Gwen se sienta con la espalda recta. —Todos compórtense natural. No comenten cómo se ve. No hablen a menos que les hablen. No lo miren a los ojos. Y no miren la silla de Merlín ni hagan referencia a él.

Nadie respira cuando la puerta vuelve a abrirse de golpe, revelando a un Rey Arthur desaliñado y con el rostro enrocejido. Parte de su cabello está pegado hacia atrás, su camisa permanece colgada extrañamente a su lado y un zapato está desatado. —Bueno, ¿qué están mirando? Me parece que todos estaban holgazaneando, esperando a que llegara —espeta, caminando hacia su asiento. —¿Y dónde diablos está mi comida? Le dije a George que lo trajera aquí. ¡¿George?!

George, bendito sea, entra corriendo a la habitación con un plato de comida en una mano y varios pergaminos en otra. —Mis disculpas, su majestad. Tengo su comida.

Coloca la comida frente al Rey y el pergamino a un lado con solo un leve temblor. Arthur mira la bandeja por un momento antes de volver su mirada hacia George, quien retrocede. —No hay galletas en este plato. ¿Por qué diablos no hay galletas en mi plato?
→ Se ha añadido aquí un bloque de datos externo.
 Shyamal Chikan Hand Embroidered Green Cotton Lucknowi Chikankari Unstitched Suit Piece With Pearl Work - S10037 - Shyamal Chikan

—Disculpe, sire. No sabía-

—¡Merlín lo sabe! ¡Él siempre se asegura que tenga galletas!

—Iré a buscar un poco de inmediato. Elena tiene el vino que ordenó…

—¡Entonces ve! —Arthur grita, viendo como George sale corriendo de la habitación. La doncella, Elena, se adelanta para verter vino en su copa. Arthur toma un largo sorbo antes de volver su atención a los ocupantes de la habitación. —Bueno, sigamos con esto. No tengo todo el día para que todos ustedes se queden sin hacer nada.
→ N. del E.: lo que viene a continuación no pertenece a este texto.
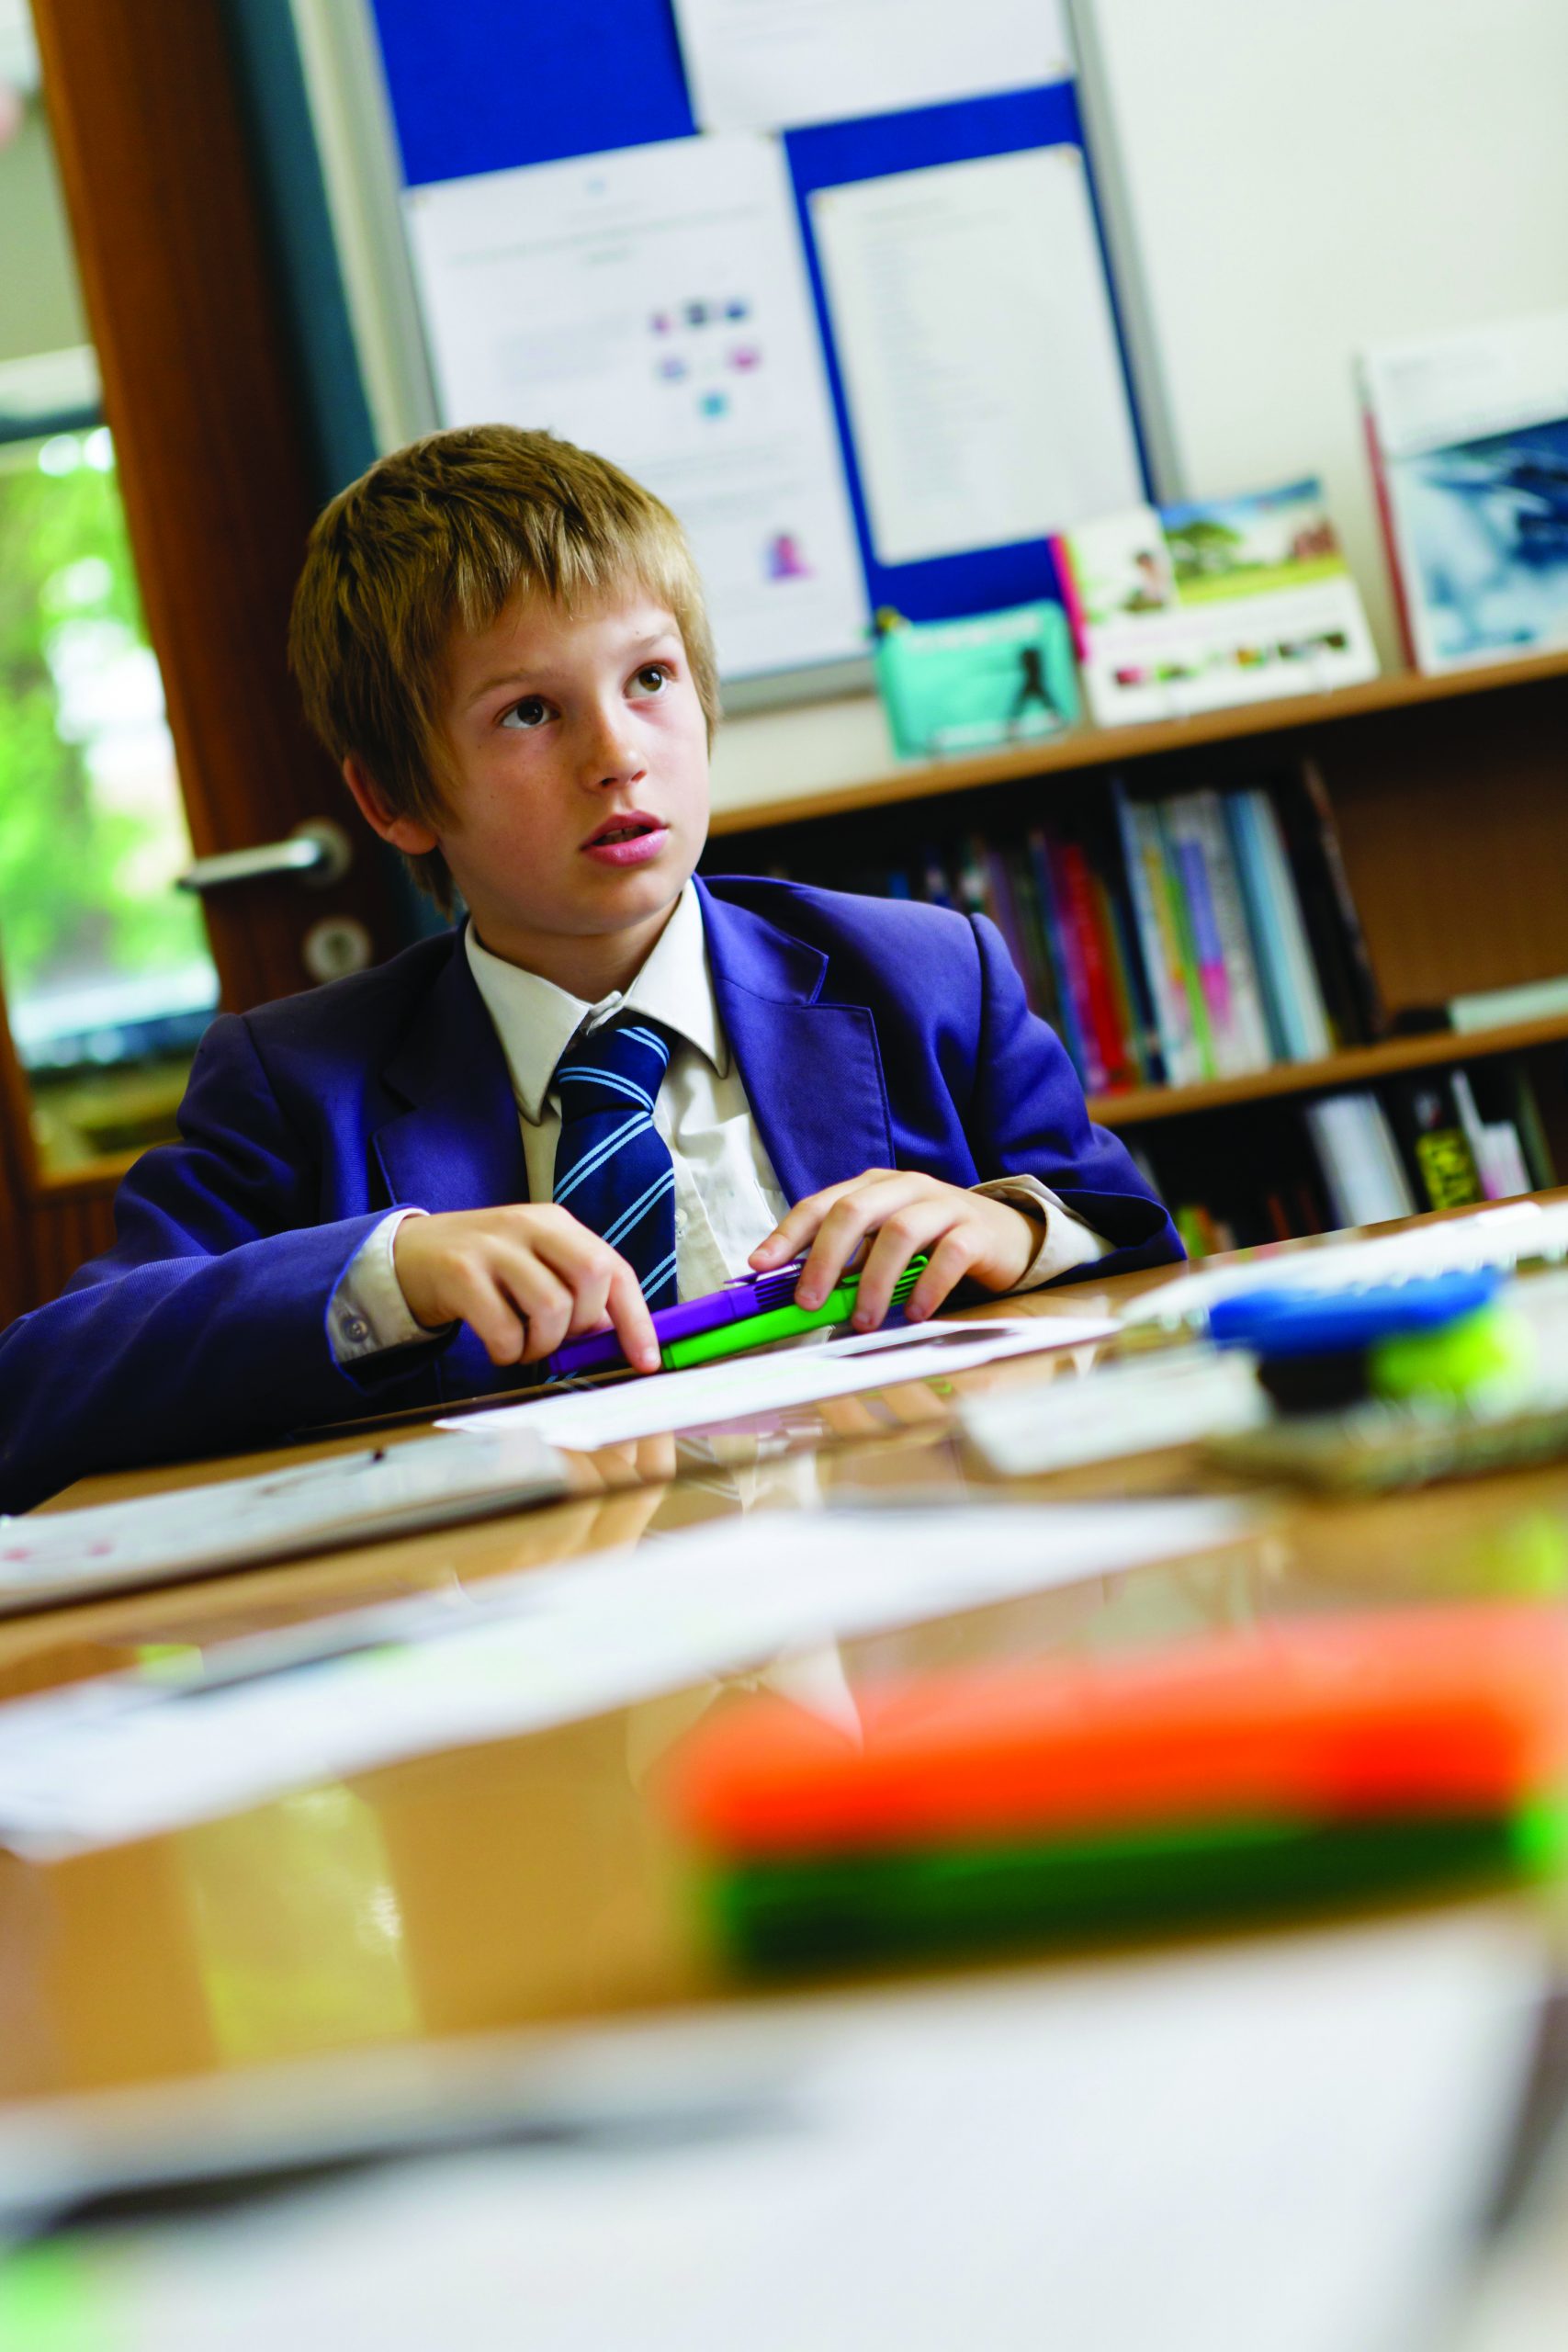 A boy sitting at a desk with stationery on the table

Gaius se aclara la garganta, el único lo suficiente valiente para hablar. —Buenos días, sire.  Usted me pidió que asistiera a esta reunión para discutir la enfermedad que se está extendiendo por las ciudades bajas. Creo-

Arthur levanta una mano, rebuscando en los desordenados pergaminos. —No. Para. Mis informes no están en orden. ¿Por qué no están en orden? ¡¿George?! —Cuando George no responde, vuelve a gritar: —¡¿George?! ¿Dónde está ahora?

—Lo envió a las cocinas por galletas, su majestad —responde Gaius. Gaius no parece entender qué hizo mal cuando el resto de la habitación se estremece.

Arthur gira lentamente, la expresión de su rostro hace que Gaius se dé cuente de por qué Gwen dijo que no hablara a menos que le hablaran. Si no lo supiera mejor, pensaría que Arthur estaba a punto de mandarlo a las mazmorras. —Estoy perfectamente consciente de eso, Gaius. Gracias por decir lo obvio como siempre. Sin embargo, ya sea que George me traiga galletas o no, mis informes aún no están en orden y no puedo dirigir esta reunión. Entonces, si no tienes nada importante qué decir, ¡no me hagas perder mi tiempo con balbuceos inútiles!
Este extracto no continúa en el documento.